Оказался возле обрыва. На краю стояла гигантская сосна, а под ней что-то похожее на избушку или, скорее, на землянку. Лисья нора? Волчье логово?.. Обошел землянку, поражаясь неохватности ствола, толщине коры. Пригляделся – и различил корневище дерева-гиганта, а под корневищем то ли землянка, то ли избушка. Стены кореньями скрыты, в одной – дверца маленькая.
Надо бы помолиться, да все молитвы словно улетучились.
Назад дороги нет!

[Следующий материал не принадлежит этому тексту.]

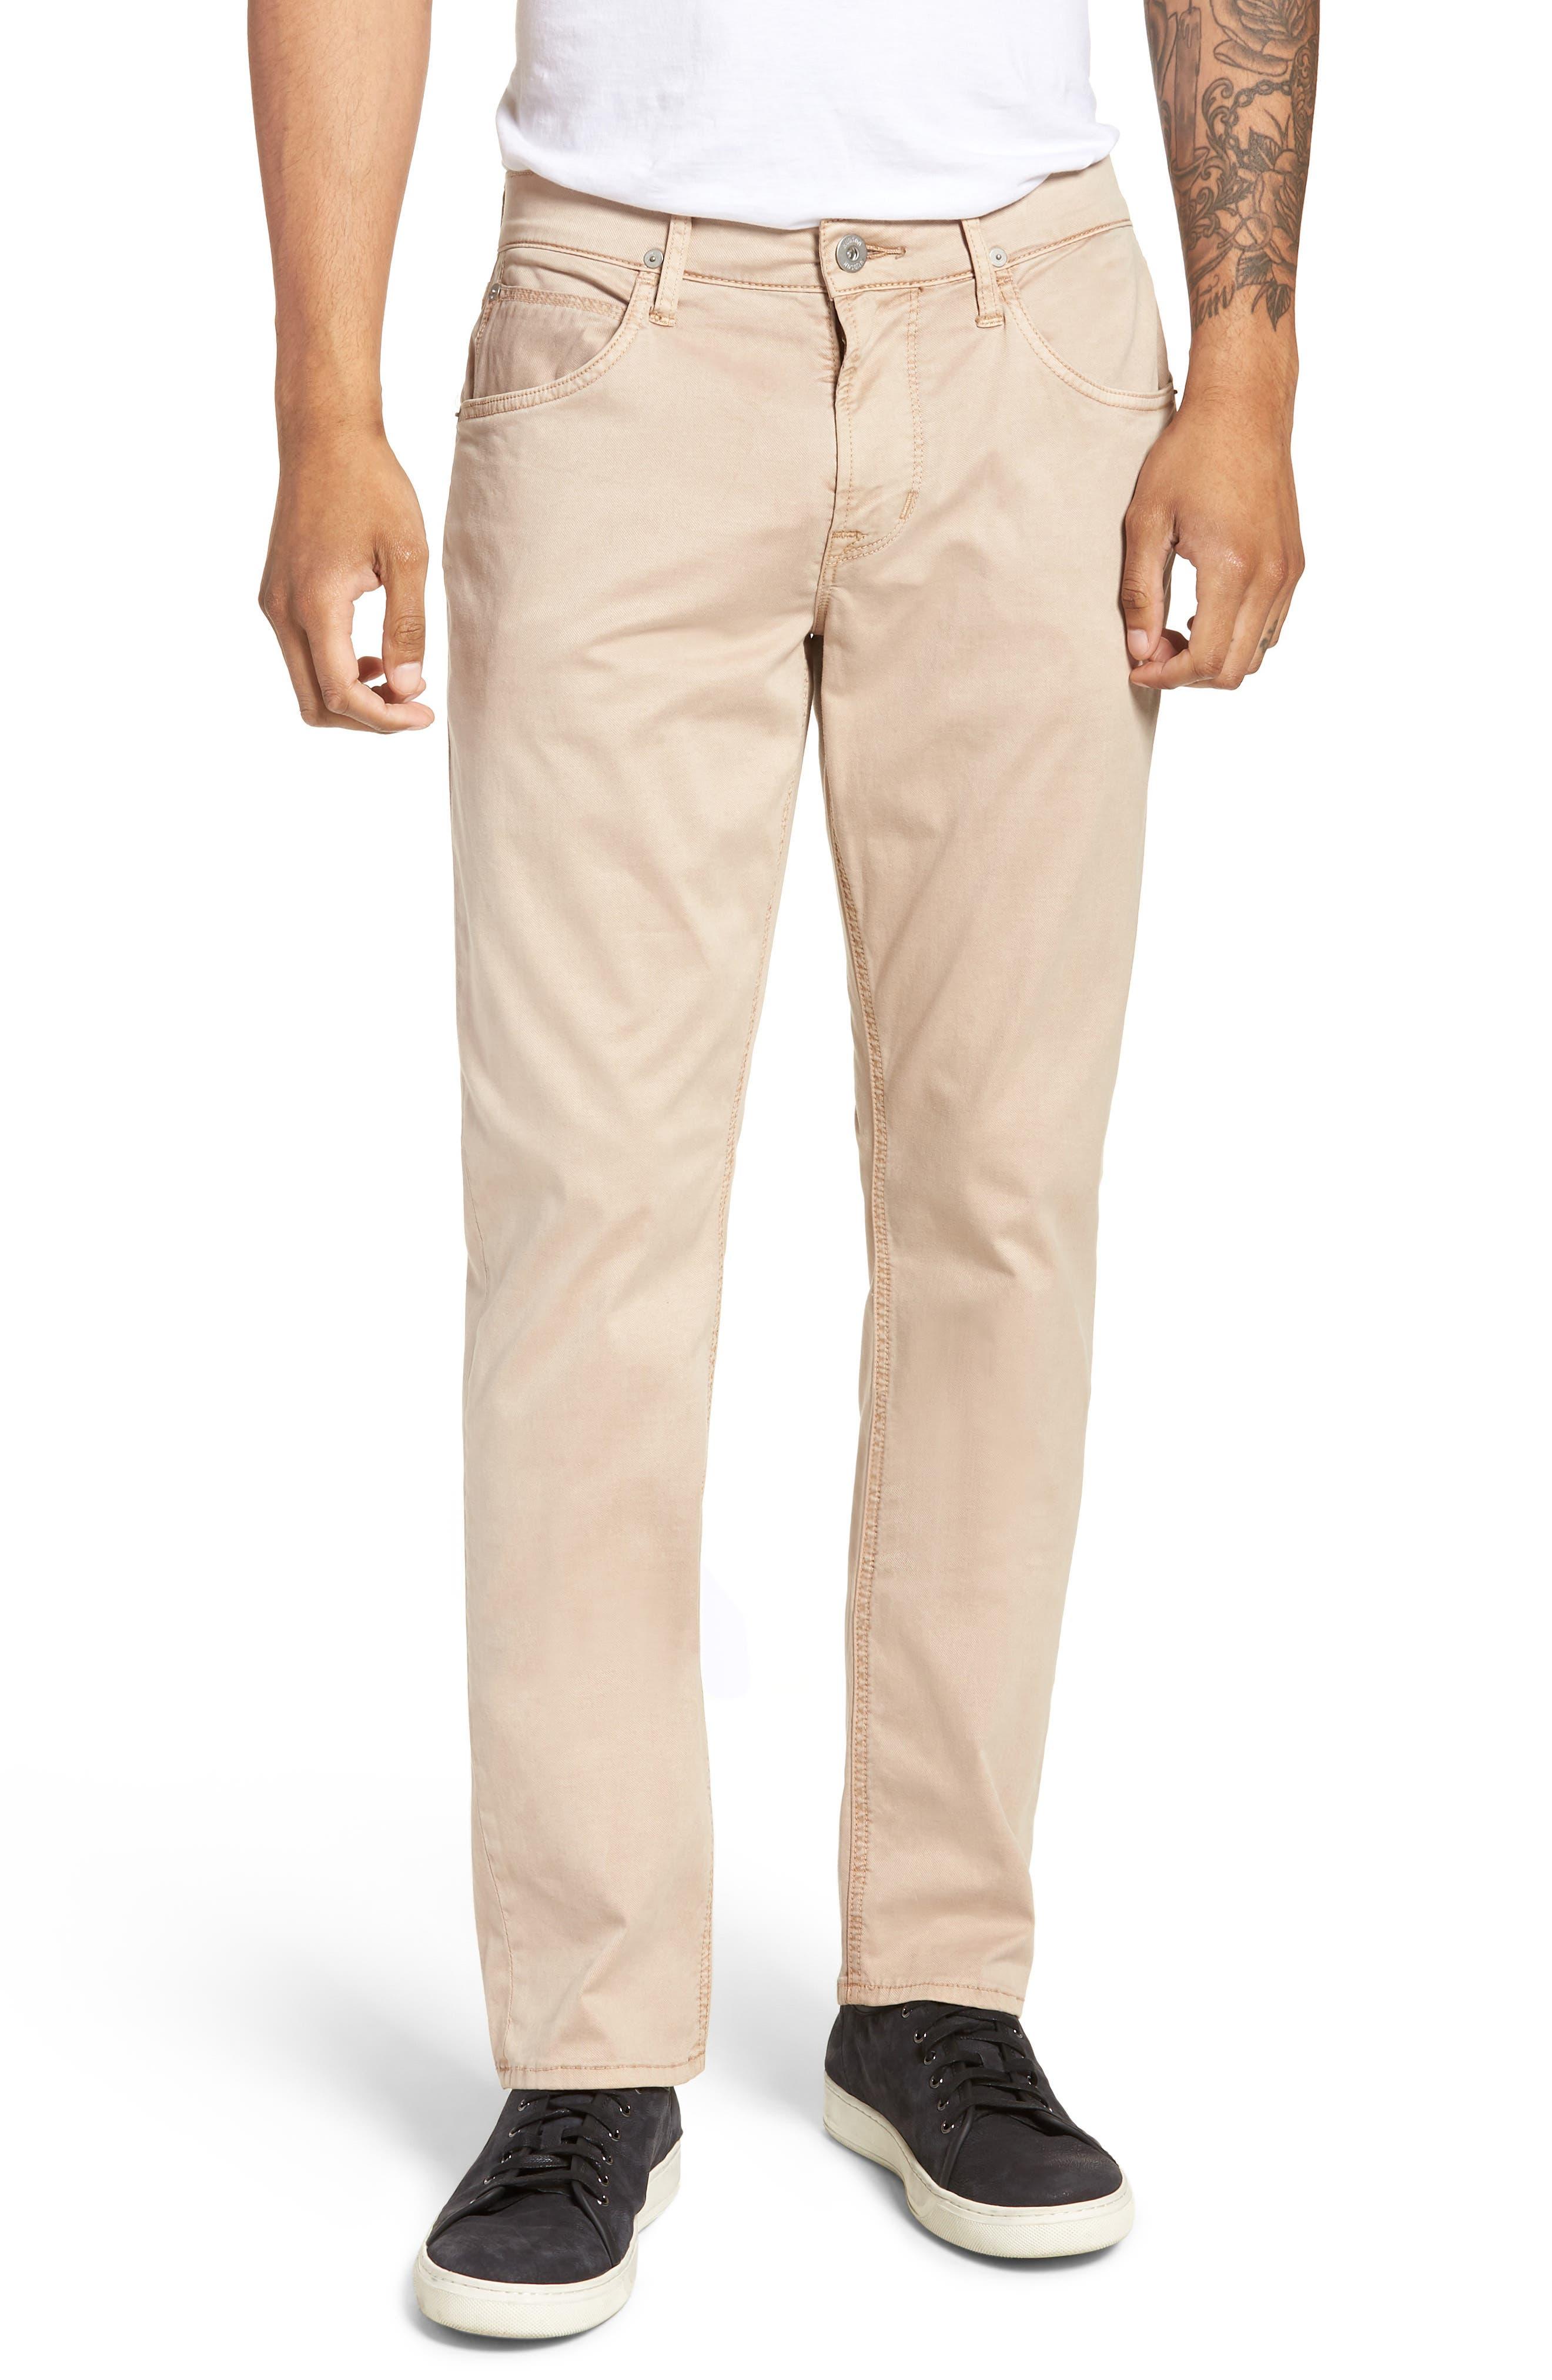 Blake Slim Fit Jeans,                         Main,                         color, 250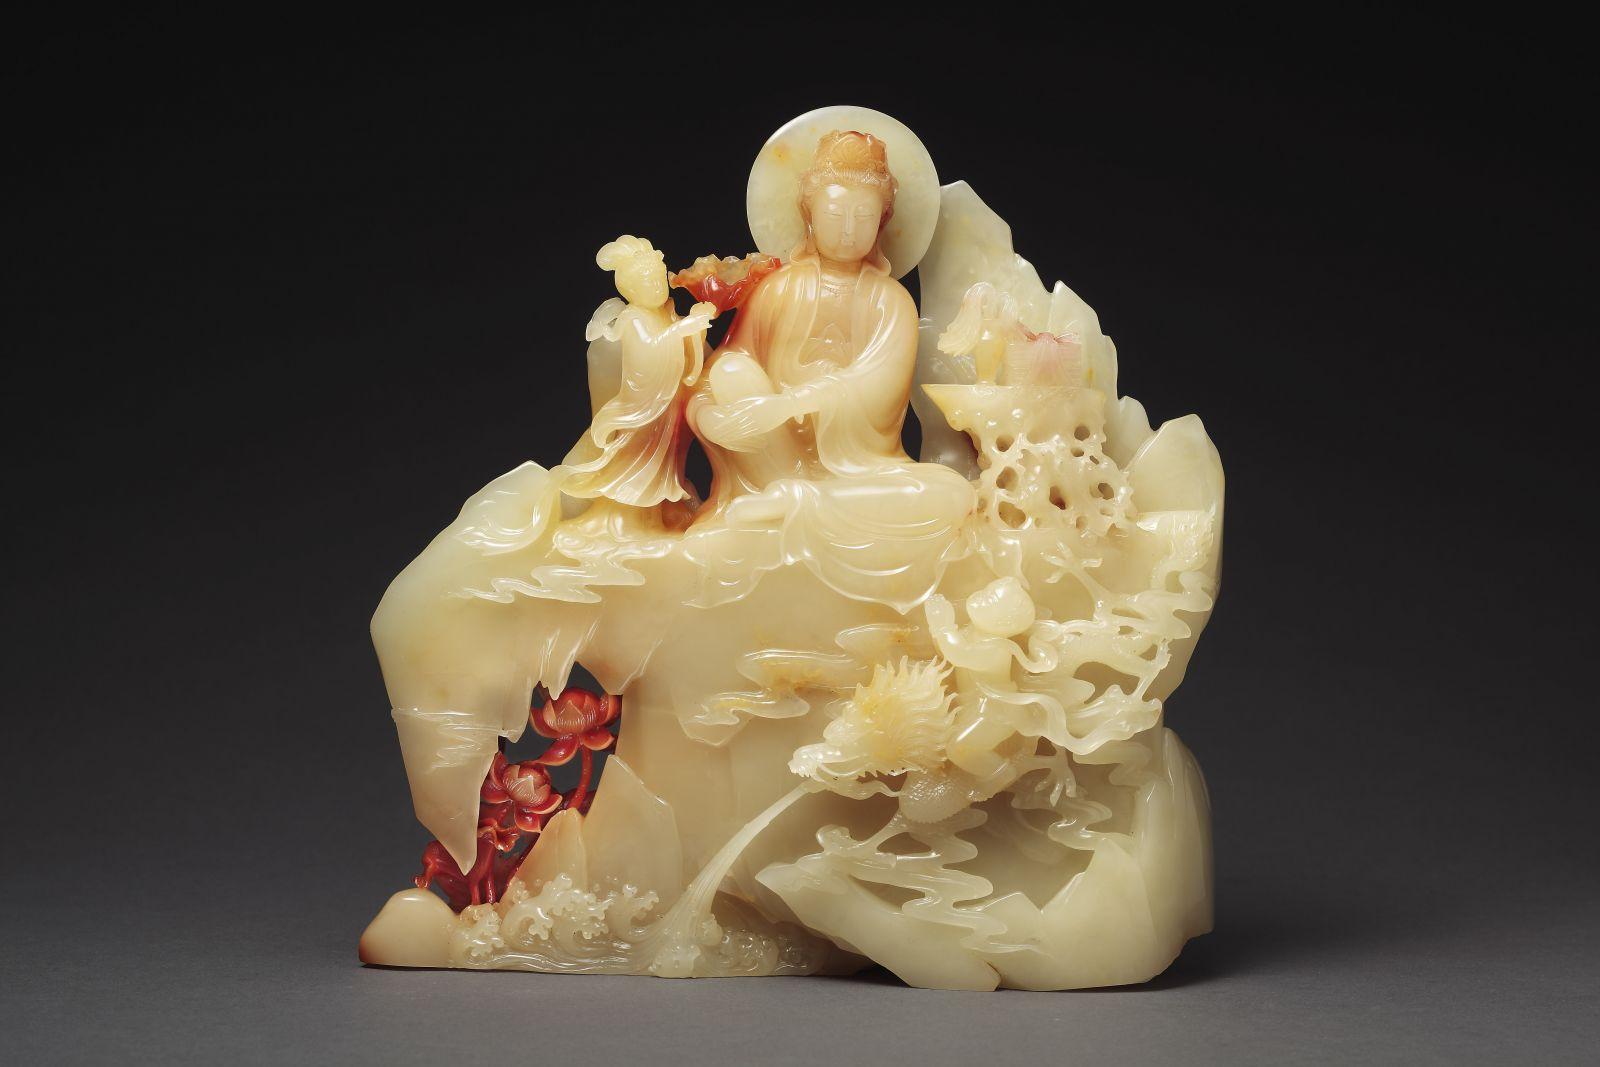 芙蓉石精美雕刻    13 - h_x_y_123456 - 何晓昱的艺术博客

Может, тот, что обитает в землянке, и выведет его из уральской тайги.
Постучал – молчание, постучал еще раз – молчание, на третий раз дверца сама открылась, но войти туда высоченному Андрею можно было лишь на карачках. Встал он на коленки и влез внутрь странного сооружения.
Темноту освещали три полена, что горели посередке. Над ними котел закопченный, подозрительный.
Огляделся – со всех сторон спускаются то ли корешки, то ли травы сухие. В глубине виднелось что-то косматое, в спорках и оборках, и из этого месива раздался шамкающий женский голос:
– Говори, зачем явился! Зачем Ведьмин круг нарушил? Я знаю тут каждый гриб, и поганку, и лисичку, каждую травиночку, а ты их топтал, пинал.
Андрей, заикаясь, объяснил: мол, заблудился, мол, сам он из дворовых Строганова, не простой мужик, барон его опекает.
– Барон опекает, говоришь? Так ты, видно, ему сын незаконный, выкидыш, что ли? – И старуха захохотала.
– Не знаю. Почему вы так говорите?
– Потому что знаю всю ихнюю породу – красавчики как на подбор.
Андрей и правда был пригож собою: курчавые темные волосы, высокий рост, ноздри тонкие, с вывертом…
– И-и-х! – взвизгнула старуха. – Не чистой ты породы! Наследили в твоем роду всякие… может, турок, может, цыганка. А вот что нос тонкий – это как у барона Гришки. Ух, лютый мужик! Весь в своего деда!
Что-то булькало, кипело в котле. Андрей со страхом прислушивался, приглядывался. Старуха – ему до пояса, нет-нет да и оторвет что-нибудь с потолка: или травку особую, или корешок – и в котел! Что за снадобье варится в котле?.. Уж не вздумала ли уморить гостя?
– А теперь ложись, с устатку поспи маленько, а я пока все приготовлю. Будешь сладко есть-пить, будешь умом проясняться и выйдешь сам на строгановскую тропу. Ложись!
Андрей без слов прикорнул на лавке и тут же задремал.
…Старуха ходила вокруг котла, взмахивала руками, приговаривала. Понять можно было только то, что у нее тоже был барон, да испугался ее, не полюбил, а зря, она все может, всякие чудеса в этом лесу сотворит: «Ох, скучаю я по барону! Ой, люб он мне, леший! Никто сюда так далеко не заходит, кто не знает, куда идет… Я знаю, тебя барон послал – соскучился».
Но ничего этого Андрей не слышал, сон сморил его, и сколько он спал – не знал.
Три дня и три ночи спал добрый молодец!..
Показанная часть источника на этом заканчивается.